* WHAT YOU SHOULD DO *
Pictures must not appear in the copy. Restate exactly the lines below from the one with "tennis.delivery facebook page" through the one with "Domefest 2019 - Final Lineup", inclusive.

* SUPPLIED RECORDS *
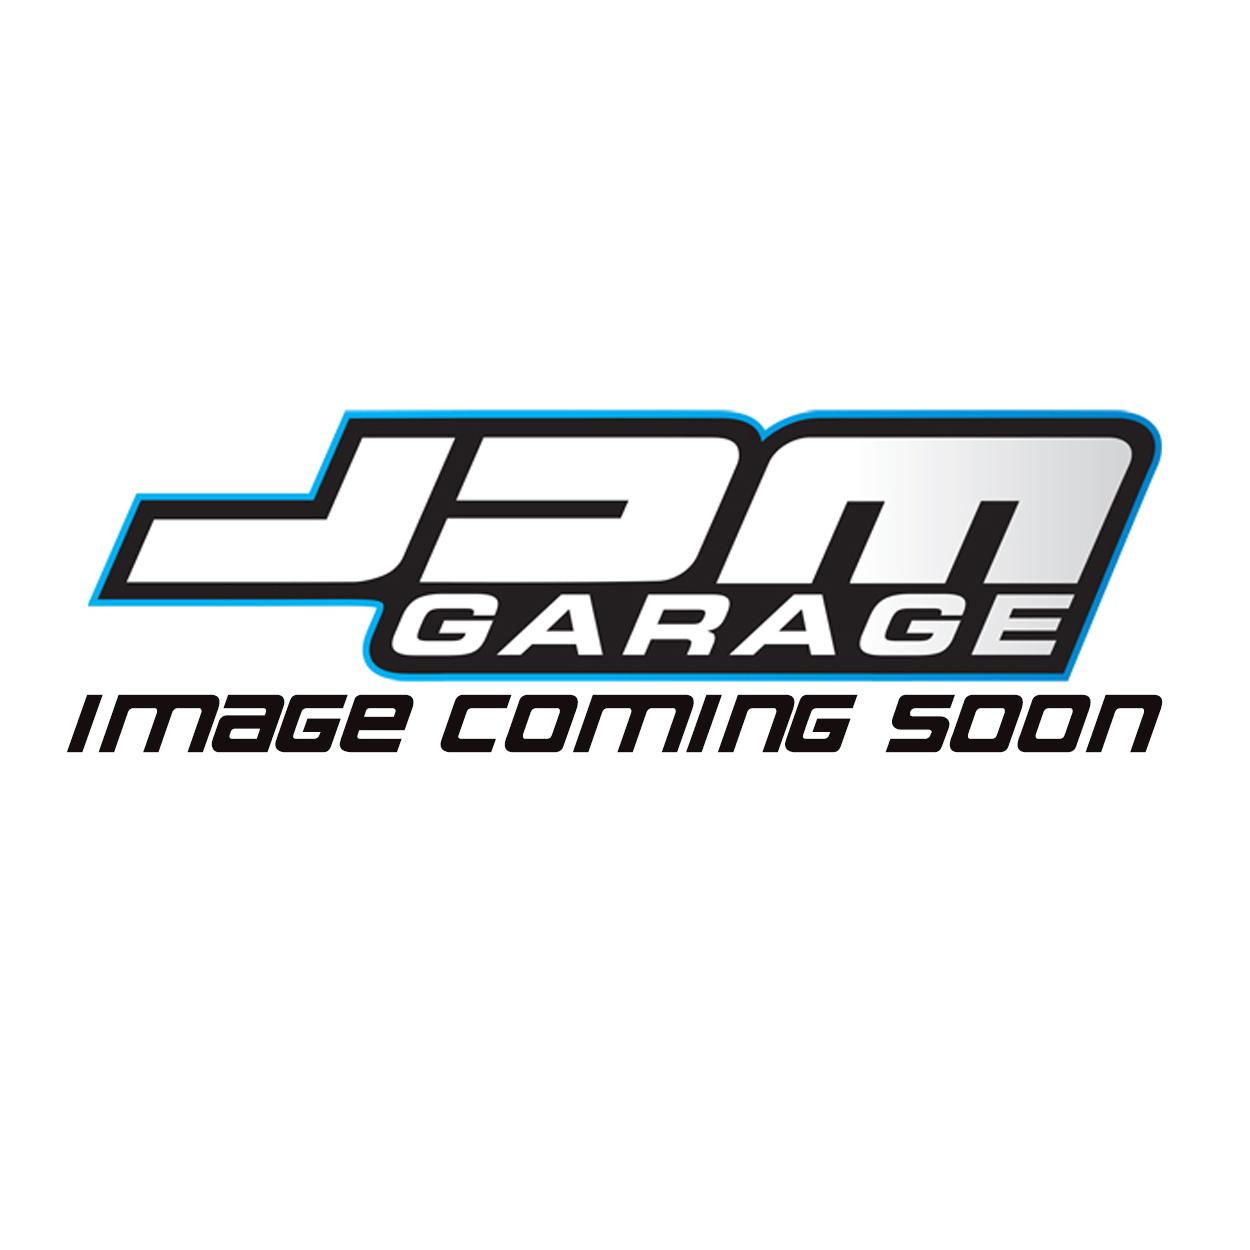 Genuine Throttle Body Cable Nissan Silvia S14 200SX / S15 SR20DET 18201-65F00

---

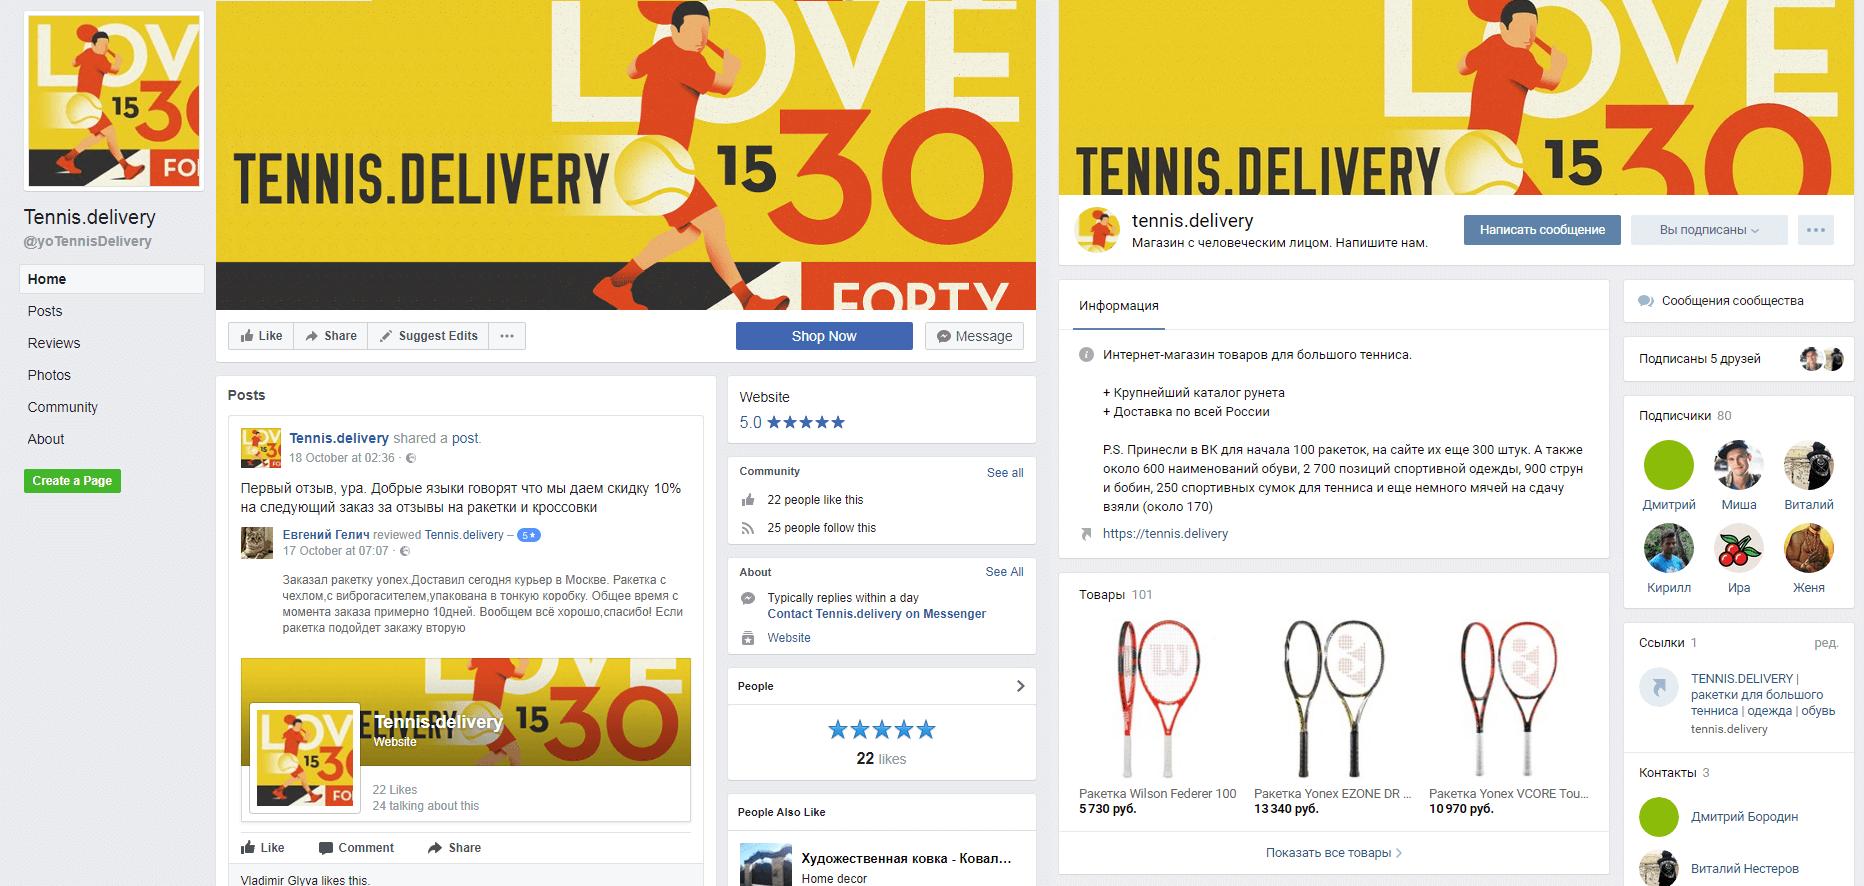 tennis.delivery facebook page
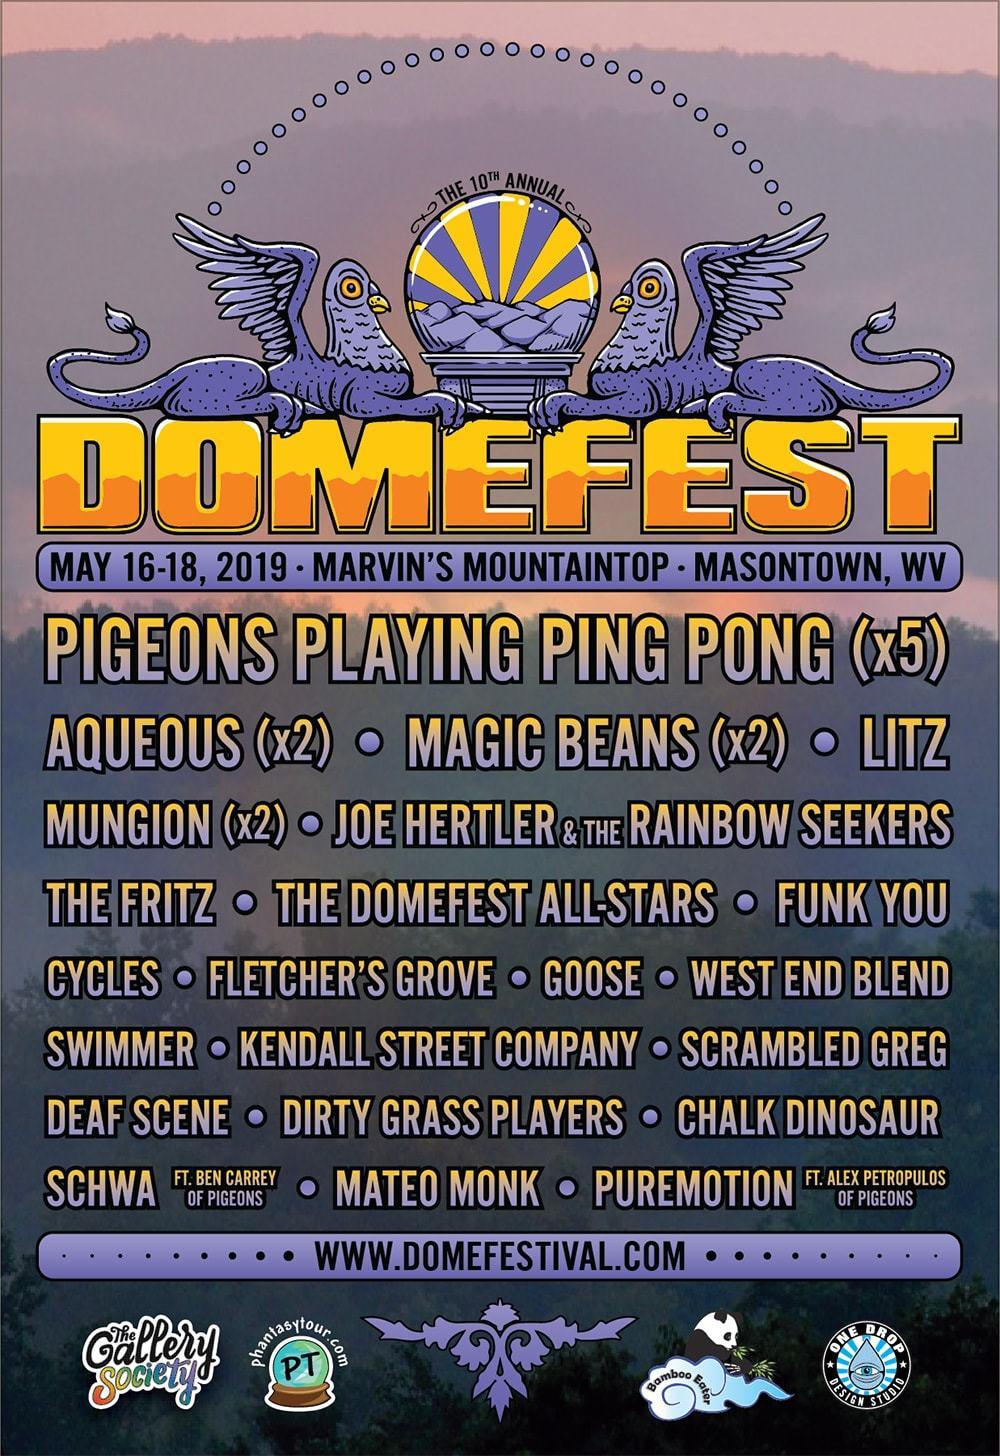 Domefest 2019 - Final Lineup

--

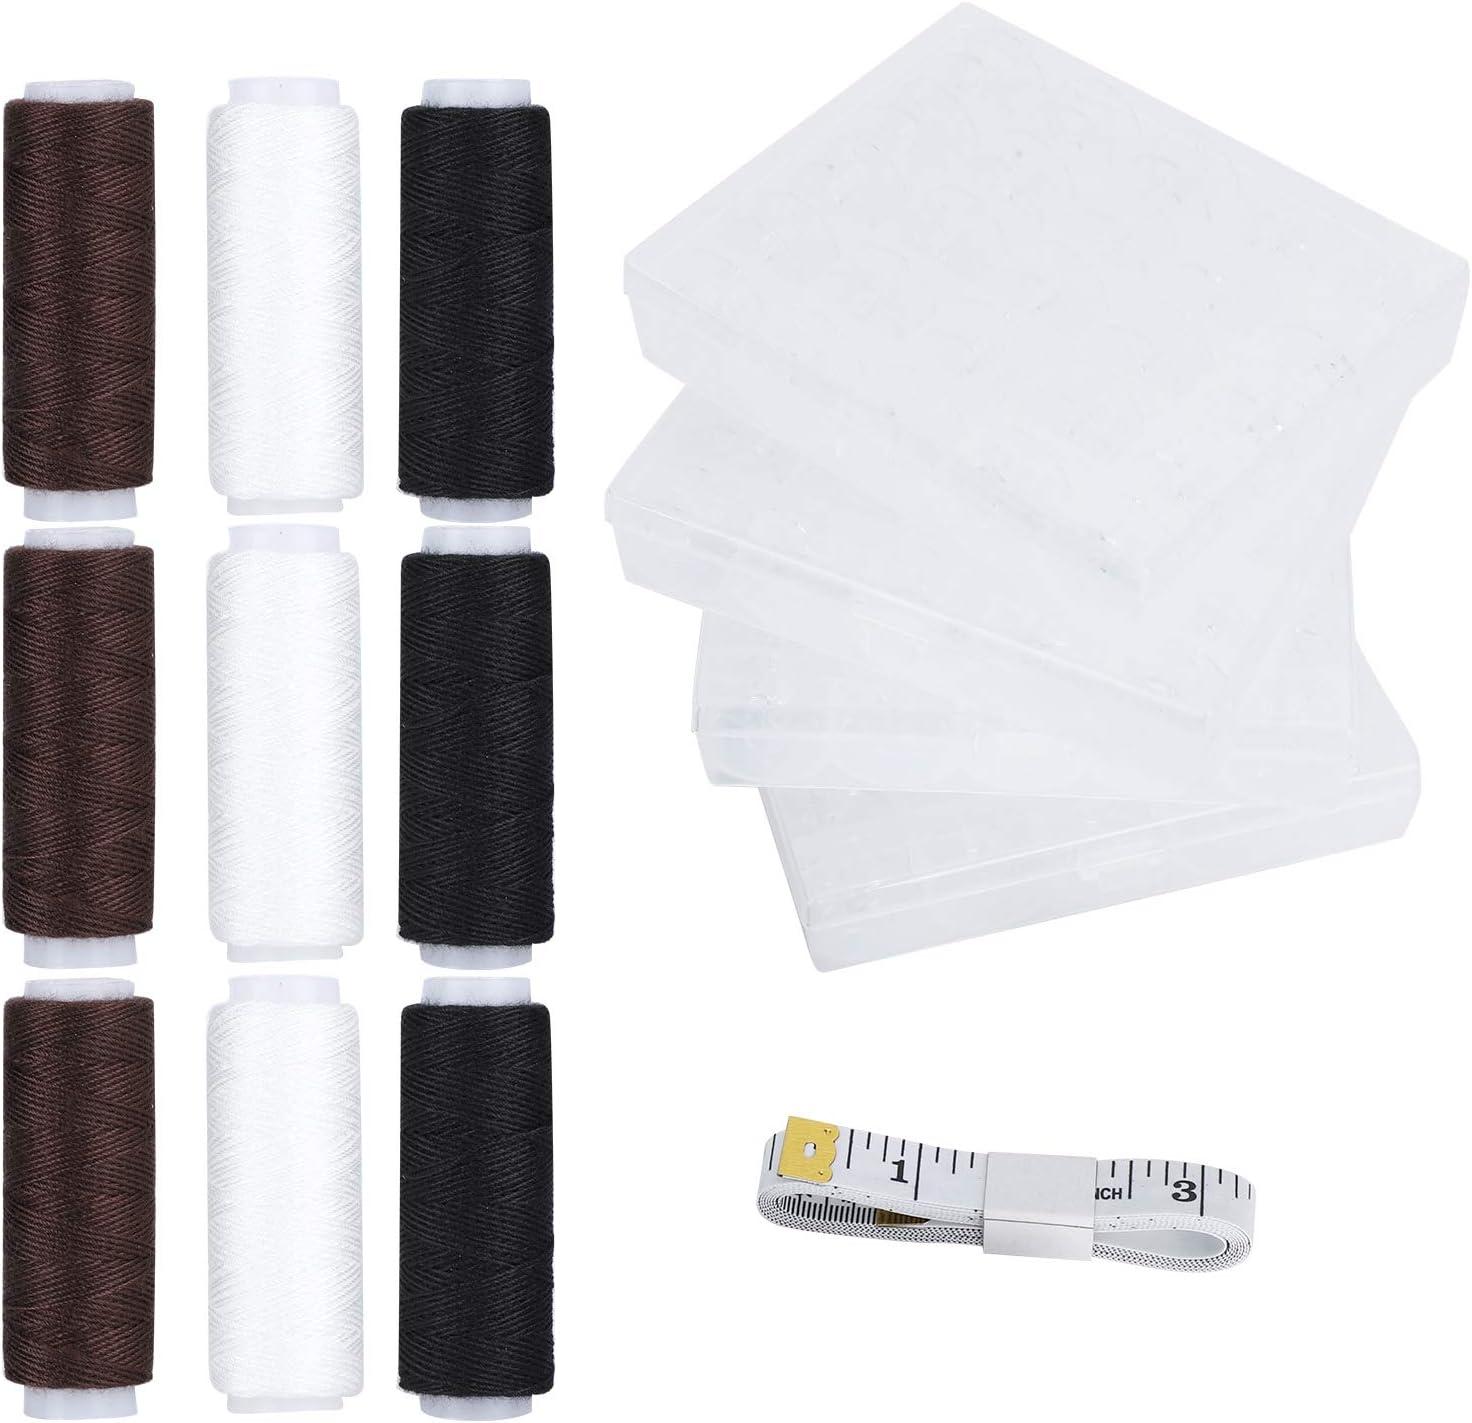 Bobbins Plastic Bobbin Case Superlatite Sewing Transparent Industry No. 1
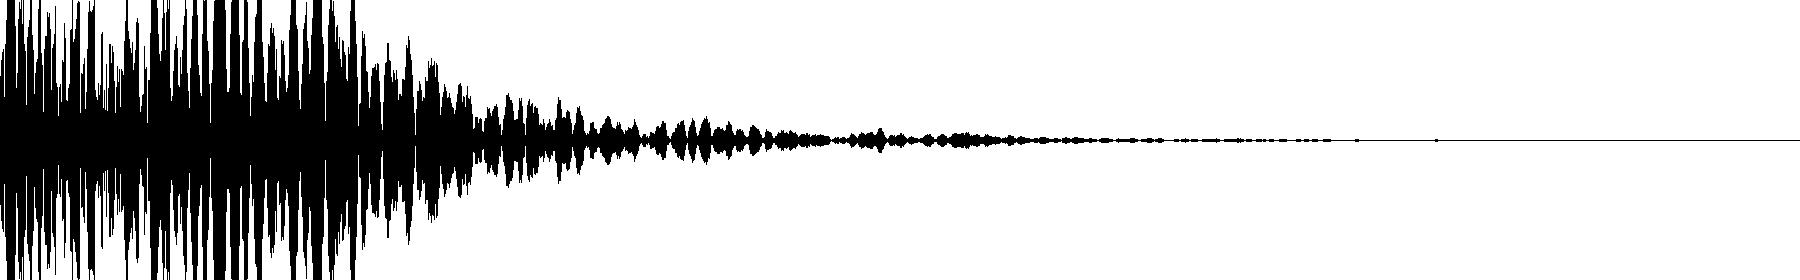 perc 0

* RESULT BELOW *
 tennis.delivery facebook page
 Domefest 2019 - Final Lineup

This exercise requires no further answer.